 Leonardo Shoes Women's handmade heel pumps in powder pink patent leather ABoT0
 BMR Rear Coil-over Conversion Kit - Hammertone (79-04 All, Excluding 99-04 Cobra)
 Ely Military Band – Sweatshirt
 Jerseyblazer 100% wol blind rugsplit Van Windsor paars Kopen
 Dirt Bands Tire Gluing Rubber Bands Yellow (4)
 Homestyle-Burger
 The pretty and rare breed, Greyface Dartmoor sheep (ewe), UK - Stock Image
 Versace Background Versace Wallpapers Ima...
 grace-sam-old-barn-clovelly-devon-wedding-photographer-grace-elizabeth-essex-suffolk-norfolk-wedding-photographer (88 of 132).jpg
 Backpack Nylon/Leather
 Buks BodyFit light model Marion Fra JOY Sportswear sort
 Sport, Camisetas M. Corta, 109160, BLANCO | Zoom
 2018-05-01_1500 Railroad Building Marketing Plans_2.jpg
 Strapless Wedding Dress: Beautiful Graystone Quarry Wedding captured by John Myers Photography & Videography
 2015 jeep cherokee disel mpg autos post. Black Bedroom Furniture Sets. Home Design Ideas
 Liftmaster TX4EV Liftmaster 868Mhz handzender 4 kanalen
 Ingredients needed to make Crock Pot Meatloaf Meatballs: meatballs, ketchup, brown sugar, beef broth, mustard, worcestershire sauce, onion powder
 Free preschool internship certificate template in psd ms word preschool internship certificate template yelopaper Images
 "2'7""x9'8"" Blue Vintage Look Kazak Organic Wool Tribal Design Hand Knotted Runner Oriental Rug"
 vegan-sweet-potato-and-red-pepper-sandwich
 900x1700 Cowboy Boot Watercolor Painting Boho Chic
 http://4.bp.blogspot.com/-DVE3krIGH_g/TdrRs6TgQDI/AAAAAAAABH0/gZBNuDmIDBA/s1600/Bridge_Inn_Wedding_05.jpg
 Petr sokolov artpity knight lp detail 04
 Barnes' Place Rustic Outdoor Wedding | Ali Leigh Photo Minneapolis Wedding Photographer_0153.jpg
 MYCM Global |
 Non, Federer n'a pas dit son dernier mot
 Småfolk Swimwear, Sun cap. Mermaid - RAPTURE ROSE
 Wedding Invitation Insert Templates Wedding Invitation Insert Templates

**Exercise brief:**
Set every entry down verbatim.

**Answer space:**
 Leonardo Shoes Women's handmade heel pumps in powder pink patent leather ABoT0
 BMR Rear Coil-over Conversion Kit - Hammertone (79-04 All, Excluding 99-04 Cobra)
 Ely Military Band – Sweatshirt
 Jerseyblazer 100% wol blind rugsplit Van Windsor paars Kopen
 Dirt Bands Tire Gluing Rubber Bands Yellow (4)
 Homestyle-Burger
 The pretty and rare breed, Greyface Dartmoor sheep (ewe), UK - Stock Image
 Versace Background Versace Wallpapers Ima...
 grace-sam-old-barn-clovelly-devon-wedding-photographer-grace-elizabeth-essex-suffolk-norfolk-wedding-photographer (88 of 132).jpg
 Backpack Nylon/Leather
 Buks BodyFit light model Marion Fra JOY Sportswear sort
 Sport, Camisetas M. Corta, 109160, BLANCO | Zoom
 2018-05-01_1500 Railroad Building Marketing Plans_2.jpg
 Strapless Wedding Dress: Beautiful Graystone Quarry Wedding captured by John Myers Photography & Videography
 2015 jeep cherokee disel mpg autos post. Black Bedroom Furniture Sets. Home Design Ideas
 Liftmaster TX4EV Liftmaster 868Mhz handzender 4 kanalen
 Ingredients needed to make Crock Pot Meatloaf Meatballs: meatballs, ketchup, brown sugar, beef broth, mustard, worcestershire sauce, onion powder
 Free preschool internship certificate template in psd ms word preschool internship certificate template yelopaper Images
 "2'7""x9'8"" Blue Vintage Look Kazak Organic Wool Tribal Design Hand Knotted Runner Oriental Rug"
 vegan-sweet-potato-and-red-pepper-sandwich
 900x1700 Cowboy Boot Watercolor Painting Boho Chic
 http://4.bp.blogspot.com/-DVE3krIGH_g/TdrRs6TgQDI/AAAAAAAABH0/gZBNuDmIDBA/s1600/Bridge_Inn_Wedding_05.jpg
 Petr sokolov artpity knight lp detail 04
 Barnes' Place Rustic Outdoor Wedding | Ali Leigh Photo Minneapolis Wedding Photographer_0153.jpg
 MYCM Global |
 Non, Federer n'a pas dit son dernier mot
 Småfolk Swimwear, Sun cap. Mermaid - RAPTURE ROSE
 Wedding Invitation Insert Templates Wedding Invitation Insert Templates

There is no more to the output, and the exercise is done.